Movement execution defines a distinct neural state in dyskinesia and enhances decoding

Parkinson patients suffer from levodopa-induced dyskinesia, which occur adversely to chronic dopaminergic treatment. These abnormal involuntary movements can only partly be actively suppressed and affect quality of life. A lowered motor inhibition during hyperdopaminergic states, associated with structural and plasticity changes in the cortico-basal-ganglia motor network, is hypothesized to enable dyskinesia. Oscillatory cortico-subthalamic patterns associated with dyskinesia are proposed as adaptive neuromodulation biomarkers, but their dependence on behavioral states such as dyskinetic movement presence or suppression remains unknown.
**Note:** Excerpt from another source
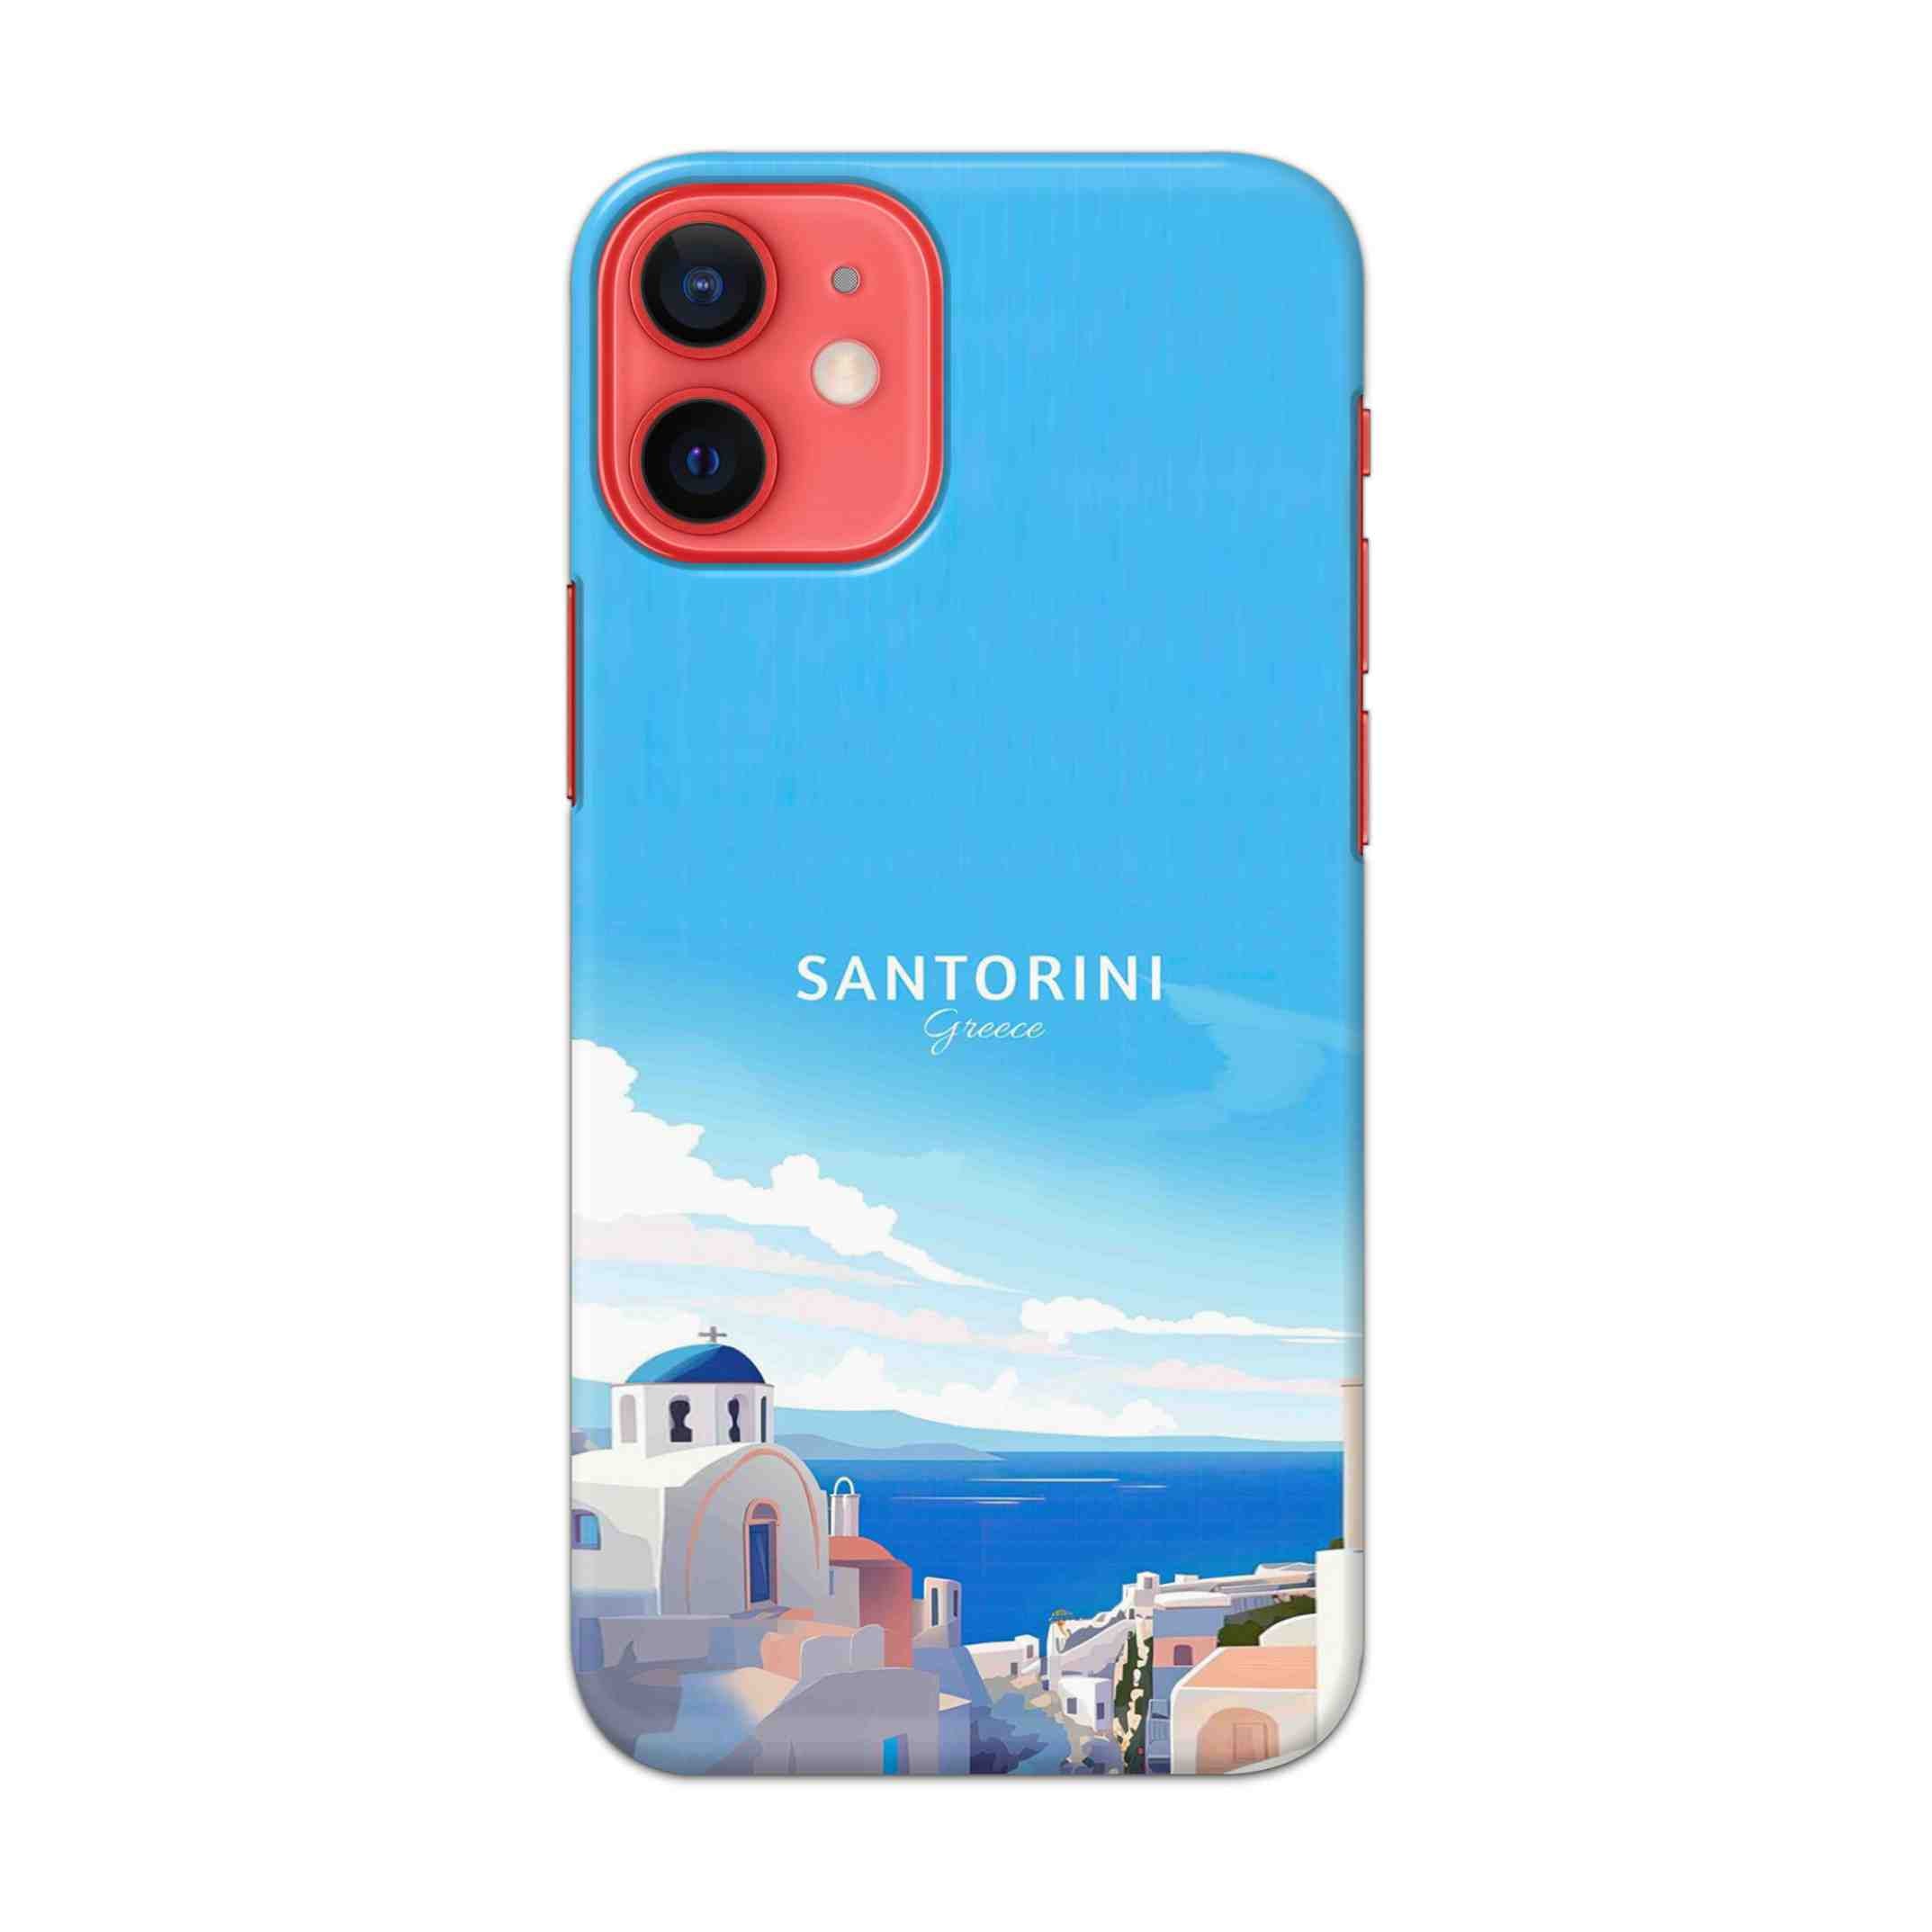 Buy Santorini Hard Back Mobile Phone Case/Cover For Apple iPhone 12 mini Online

We studied cortico-subthalamic oscillations in 22 Parkinson’s patients during dyskinesia-evoking protocols. We clinically differentiated between non-dyskinetic and dyskinetic periods, and defined movement presence with kinematics, leading to four behavioral states containing rest, voluntary movements, movement suppression during dyskinesia, and dyskinetic movements.

Elevated subthalamic theta-activity and attenuated beta-activity was found during both dyskinetic movement suppression and execution, while cortico-subthalamic gamma-activity only increased during dyskinetic movement execution. Subthalamic spectral changes significantly predicted dyskinesia presence, and movement presence significantly affected the predictive performance. A movement-aware classifier enhanced dyskinesia detection based on movement-depending biomarkers containing cortical oscillations and gamma-bands.

We propose movement execution during dyskinesia to be a distinct behavioral and neural microstate within a dopamine-depending dyskinetic macrostate, that can enhance dyskinesia classification for adaptive neuromodulation.